Principle 2: Take responsibility for (sane) alerts

It can sometimes feel like the entire security profession is an exercise in responding to alerts. A lot of us wanted to be firefighters when we grew up but this probably wasn’t what we had in mind! While there are higher leverage tasks, security teams face a terrible choice between spending tons of time triaging alerts or, worse, bulk ignoring them. Too many security products abdicate responsibility for making sure their alerts are meaningful.

Too many security products abdicate responsibility for making sure their alerts are meaningful.

To be fair, getting alerting right in security is hard. The importance of a given event is highly subjective. And unlike notifications in other products, the cost of being wrong and under-alerting can be catastrophic. But, tragically, the obsession with not missing anything creates massive inefficiency. 

Low overhead security products combat this problem with a 1-2 punch. First, they start with sane defaults. They are opinionated and choose a high signal-to-noise ratio over a zero false-negative rate. Second, they include the ability to tune alert thresholds to match an organization’s risk appetite and resource availability.

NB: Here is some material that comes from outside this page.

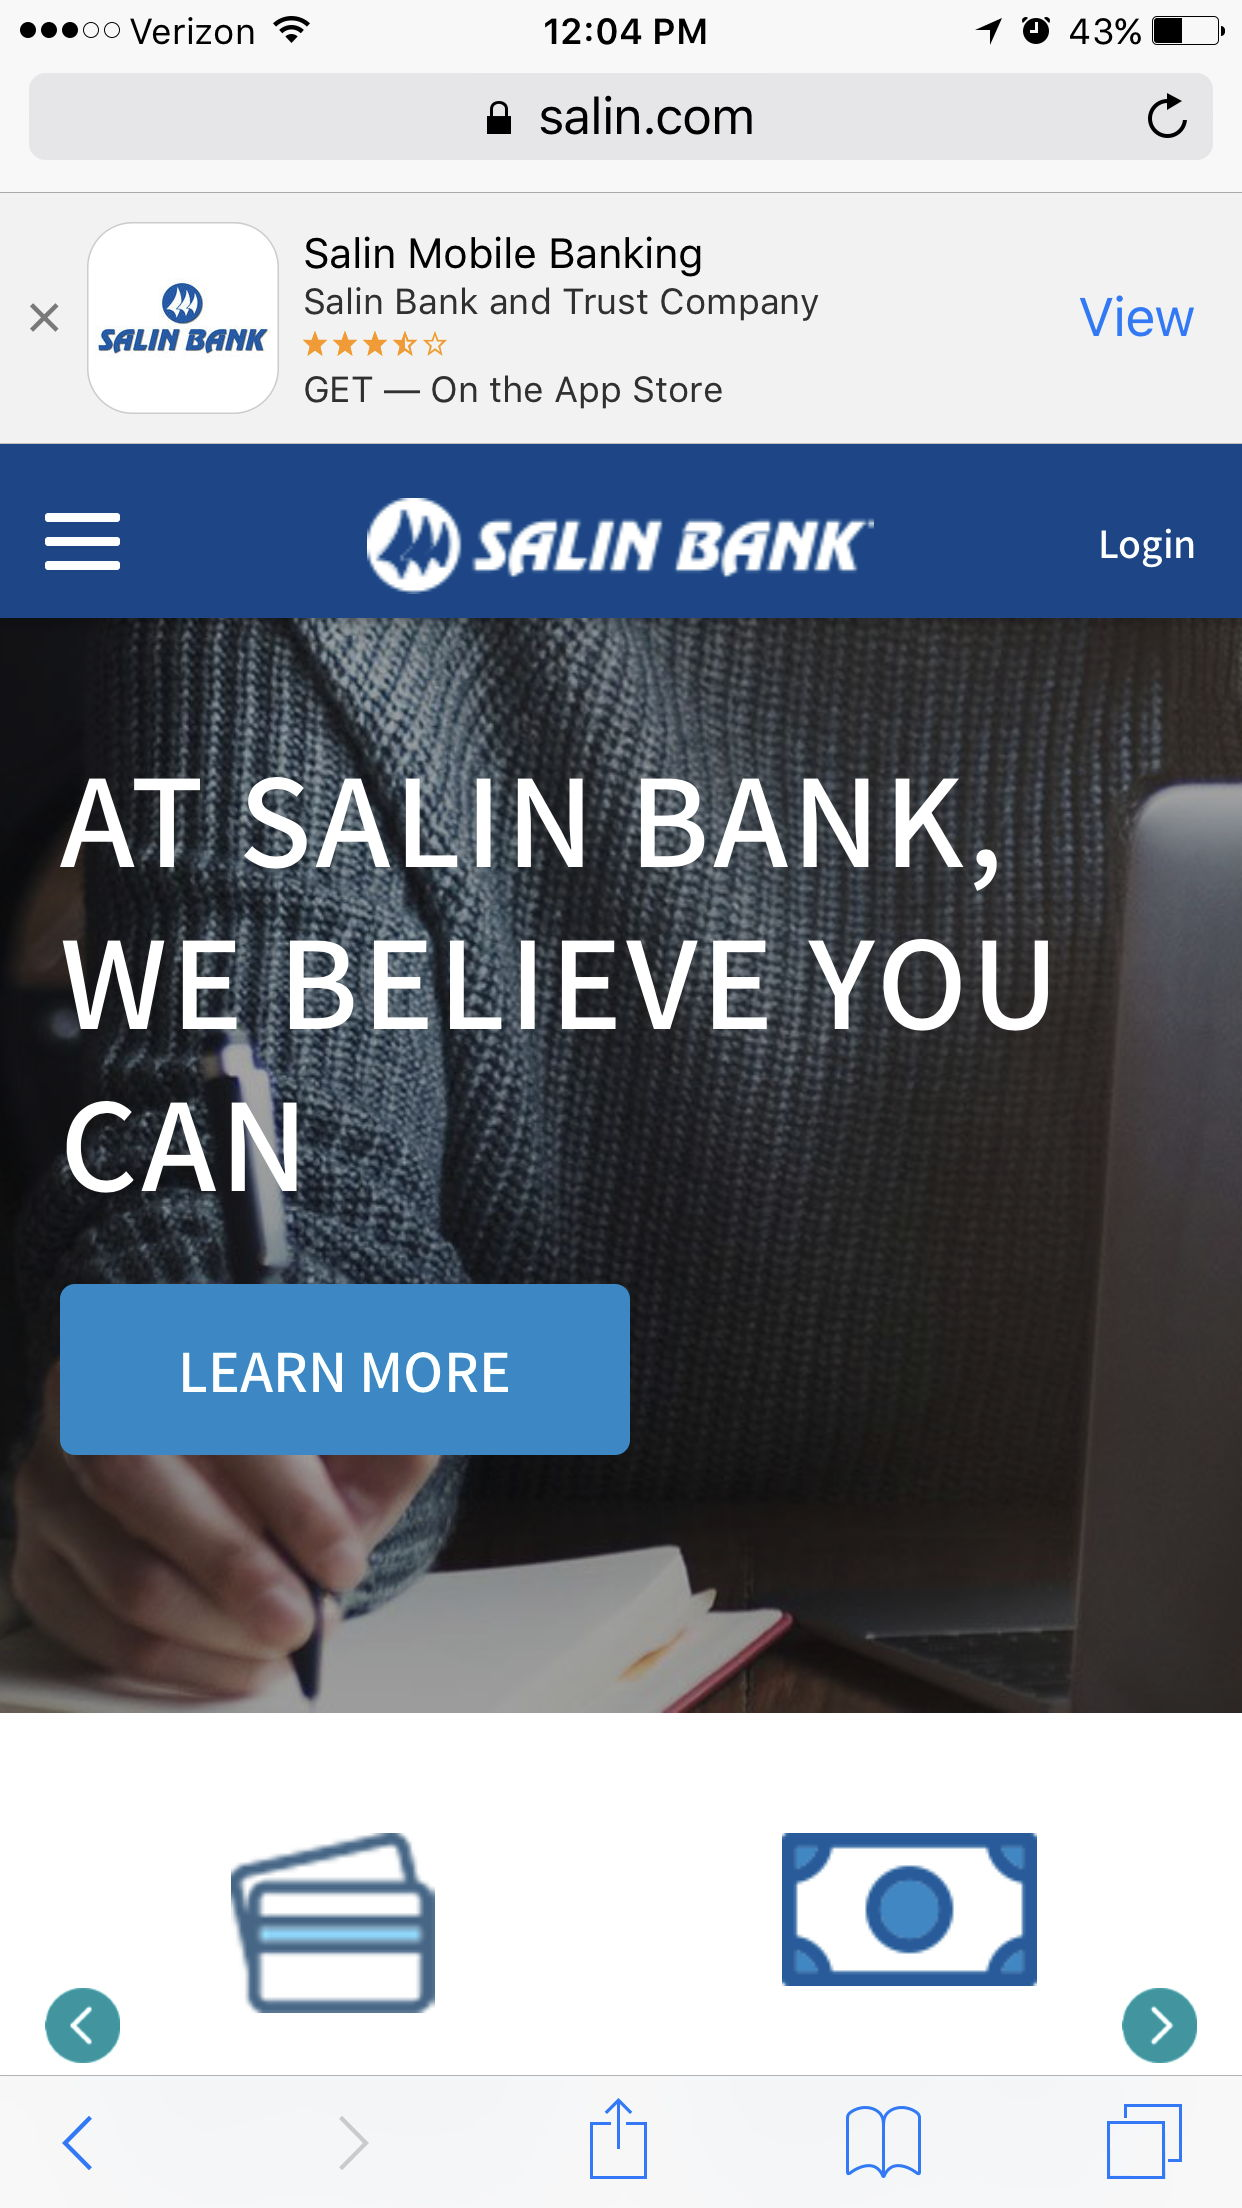 salin bank mobile website and app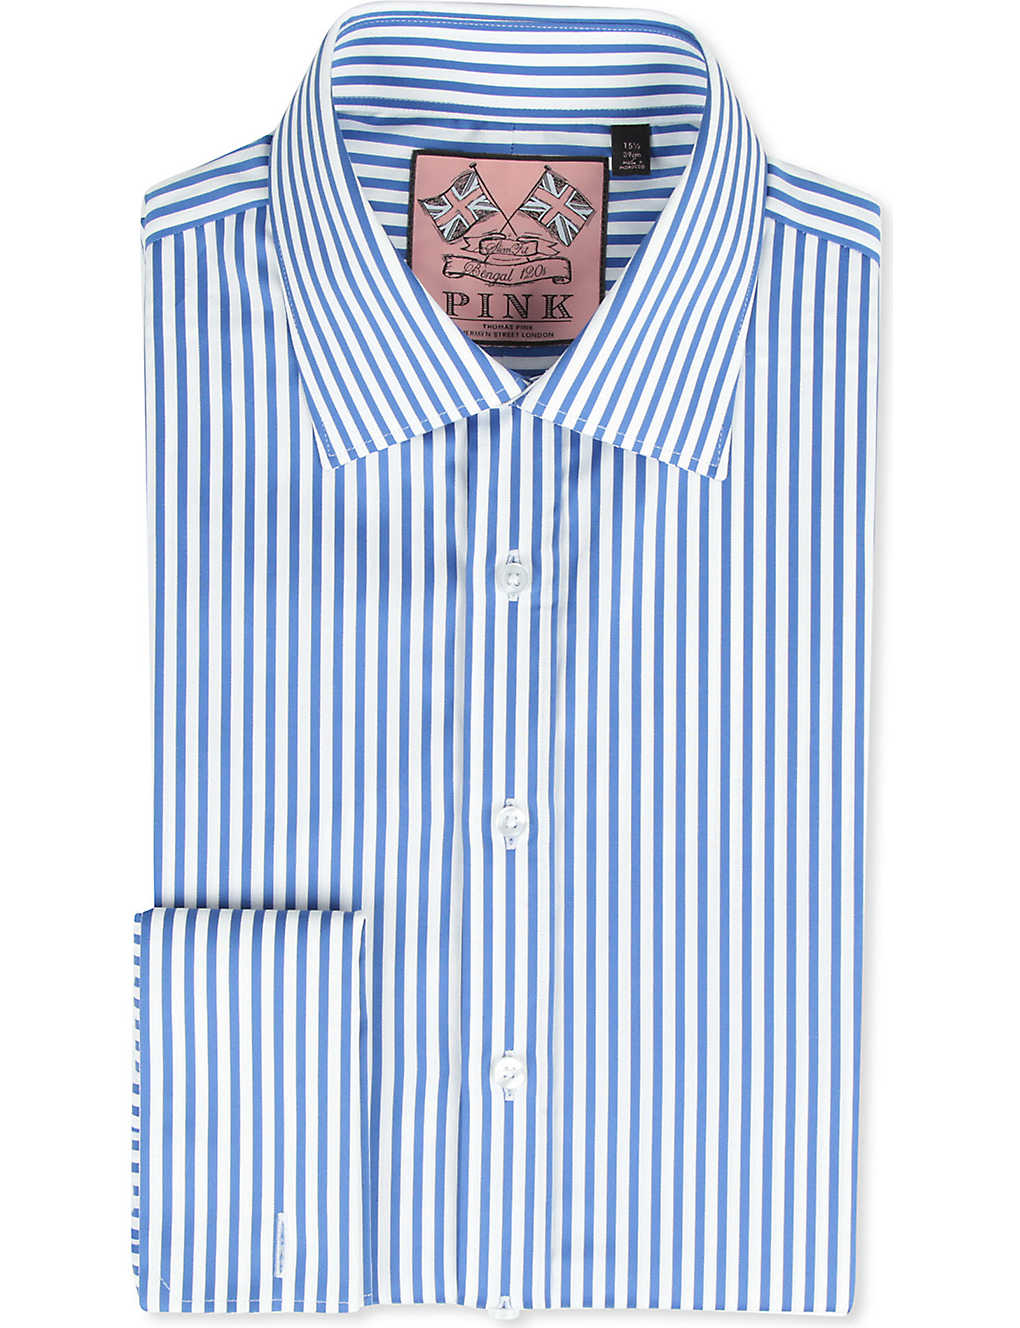 9b15a47f THOMAS PINK - Algernon slim-fit double-cuff shirt | Selfridges.com

For example, Thinkst Canary and other honeypot products’ defining mantra is to issue just a single, meaningful alert. At Material, by default, we alert our on-call engineers whenever we alert customers. It’s not a tactic that will scale forever, but it forces us to be thoughtful about our alerts from day 1: Is there something the customer can actually do about this alert? If so, what information would they need? Does this deserve a pager alert in the middle of the night or just an informative email?

Principle 3: Leverage existing sources of truth

For a security product to be effective, it needs organizational context (people, policies, locations, etc.). But initializing this context and keeping it up to date in every tool creates a flood of busywork.

The best security products leverage as many existing “sources of truth” as possible. And what’s more, they actually resist becoming a new source of truth (especially outside their primary value proposition). These products minimize the amount of information that needs to be configured or defined, opting for integrations instead. They are faster to set-up and automatically adapt to changes in an organization.

As a simple example, consider Fleetsmith, the Mac device management product recently acquired by Apple. Rather than build an employee directory from scratch, Fleetsmith treats a company’s G Suite or O365 account as the source of truth for the list of users. It’s a simple choice that saves a lot of time by eliminating the need to keep two (seemingly unrelated) systems in sync manually.

Even where integration with other tools or workflows is impossible, borrowing existing concepts, data models, or even just terminology can reduce a product’s onramp time and maximize skill interop. Good product designers know that the secret to building easy-to-use products is to reuse familiar concepts and patterns—and security is no different.

Good product designers know that the secret to building easy-to-use products is to reuse familiar concepts and patterns—and security is no different.

The cybersecurity skills gap demands better products

Addressing security issues with tools that require armies of people to run them will never scale—there aren’t enough people, and the problem space is continuously expanding. Instead, the industry needs to prioritize tools that alleviate the net burden on teams, not add to it. This won’t happen until builders and buyers alike are obsessed with minimizing overhead as an explicit design objective, not an afterthought.